» Exercise aim
Retype exactly the lines below, starting with the line that contains "Muck Boots Unisex" and ending with the last line; leave out any pictures.

» Data below
_ _ _ _ _

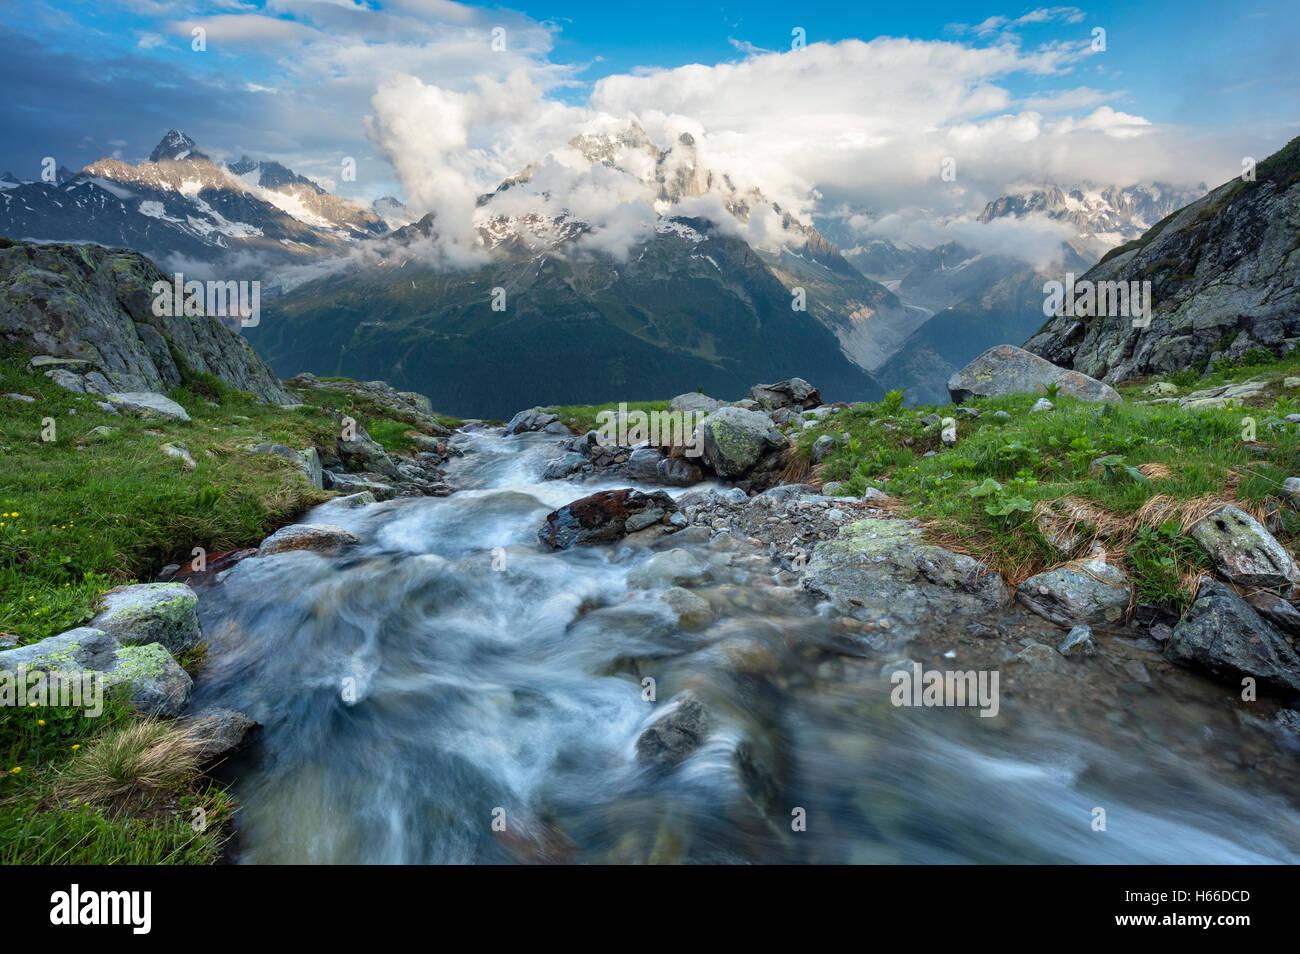 Stream beneath Aiguille Verte, Chamonix Valley, French Alps, France. Stock Photo
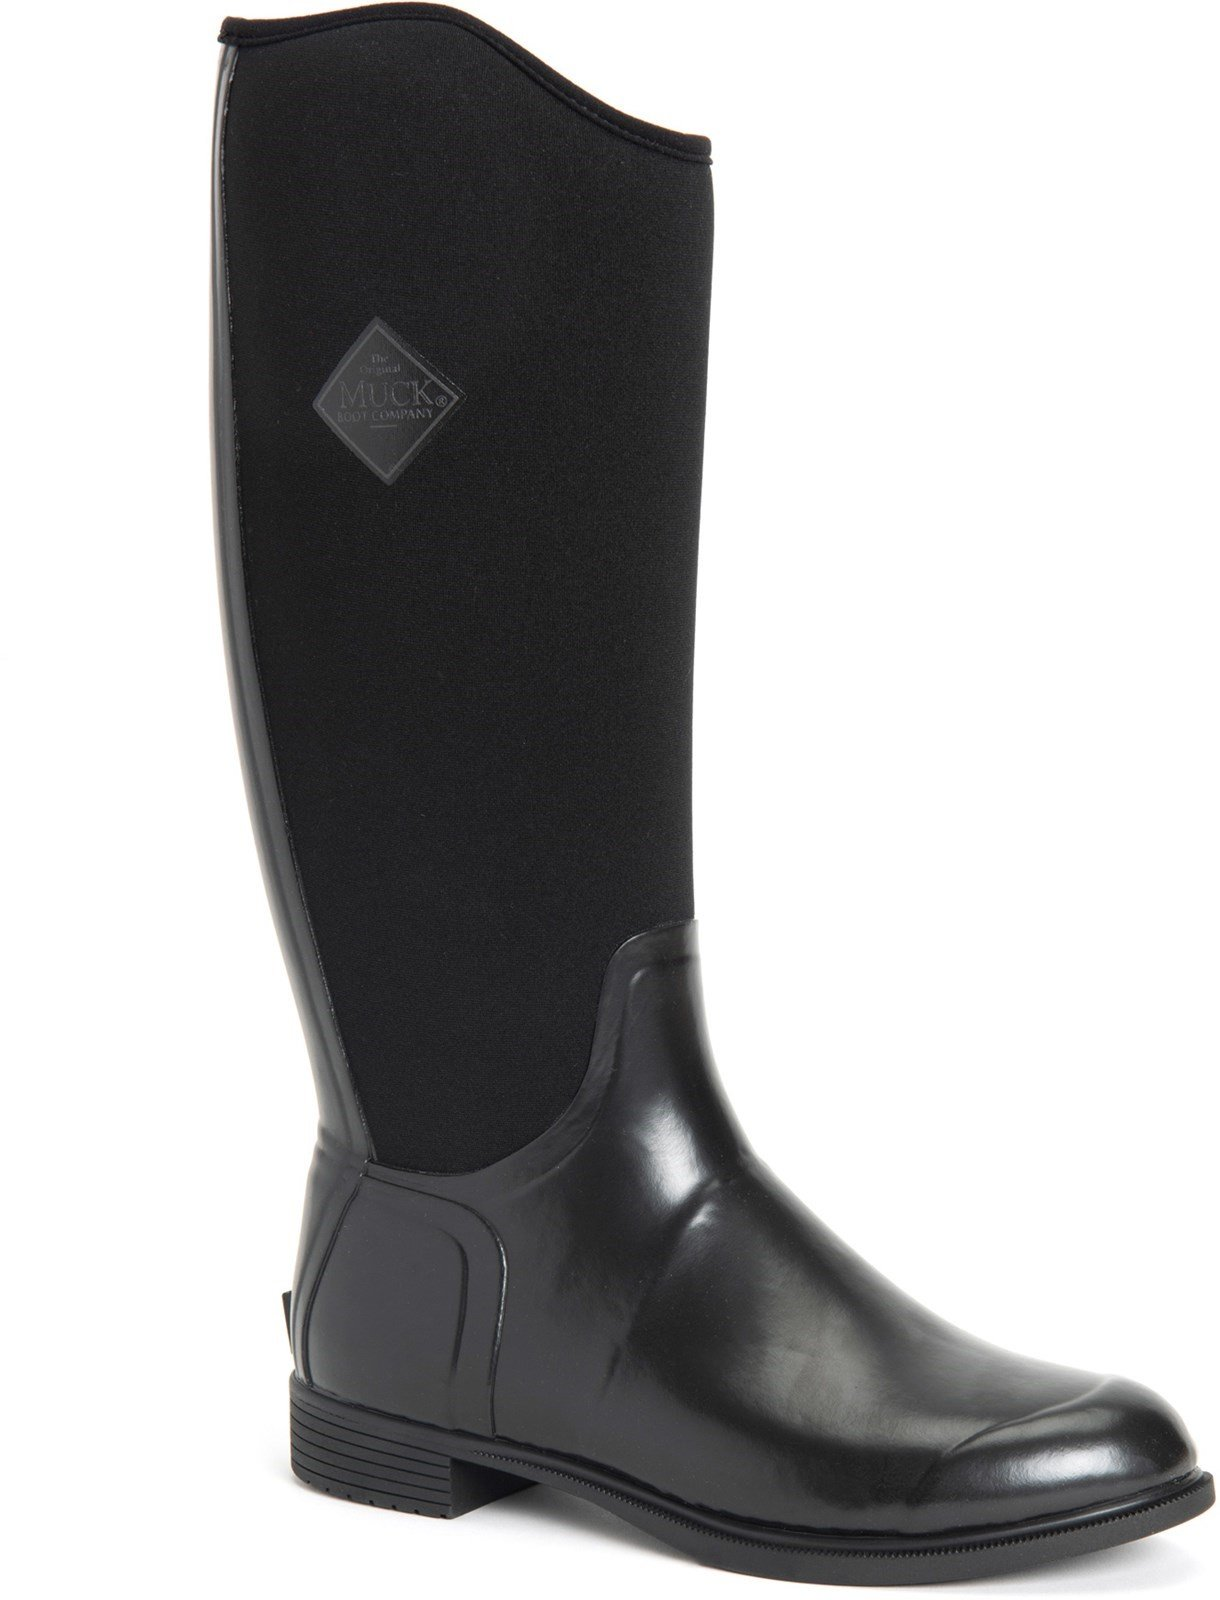 Muck Boots Unisex Derby Tall Boot Black 30983 - Black 3
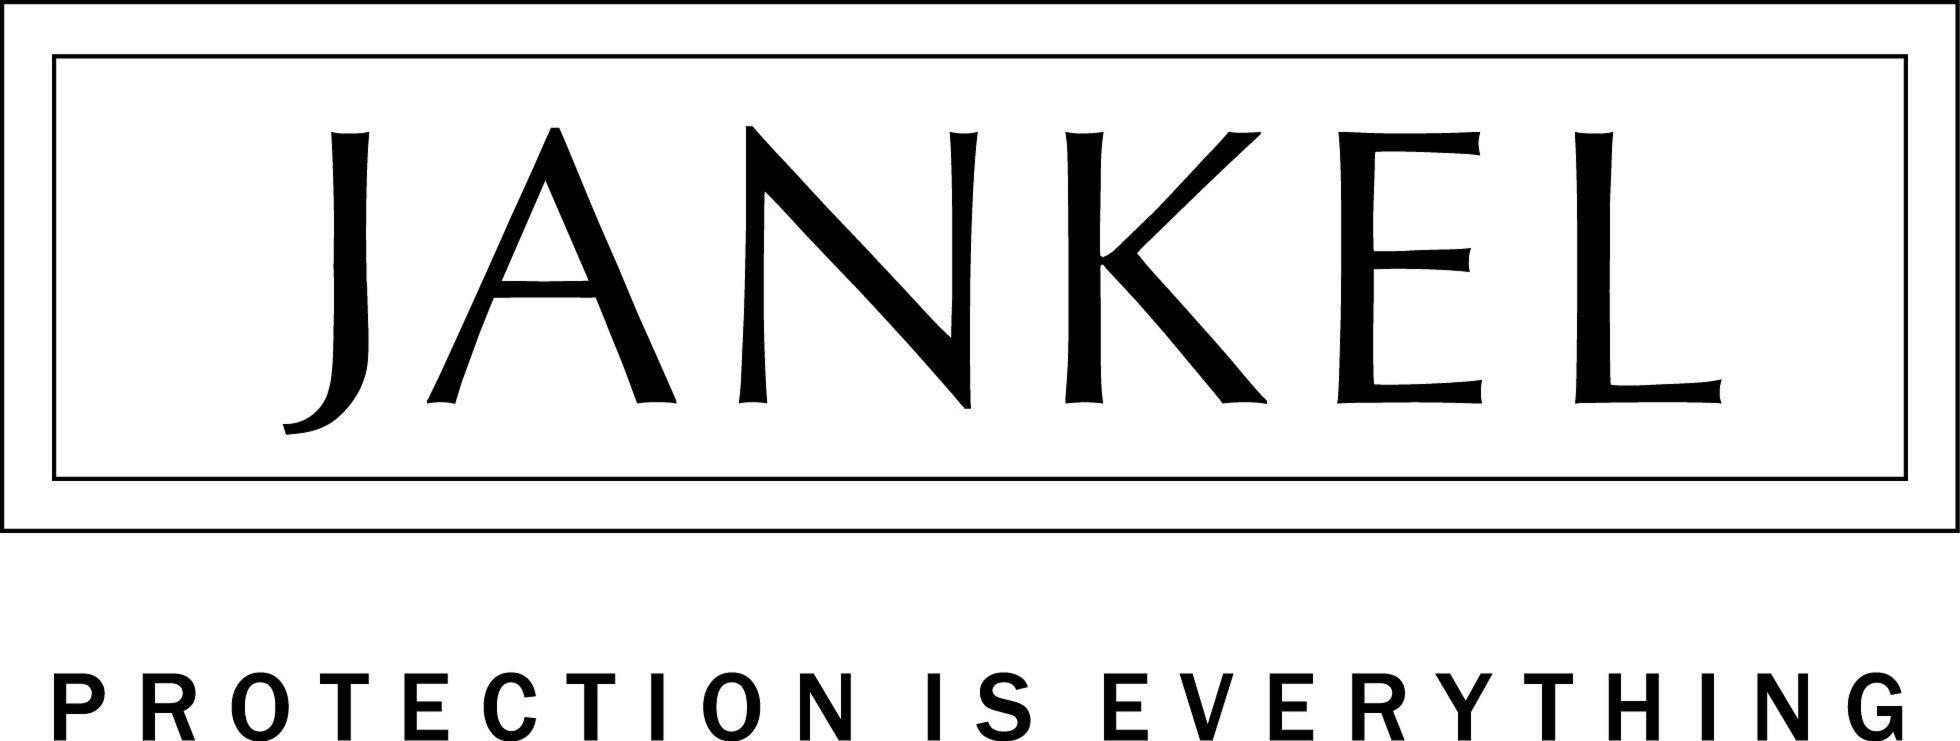 Jankel Armouring Ltd

_ _ _ _ _

» Solution to the exercise
 Muck Boots Unisex Derby Tall Boot Black 30983 - Black 3
 Jankel Armouring Ltd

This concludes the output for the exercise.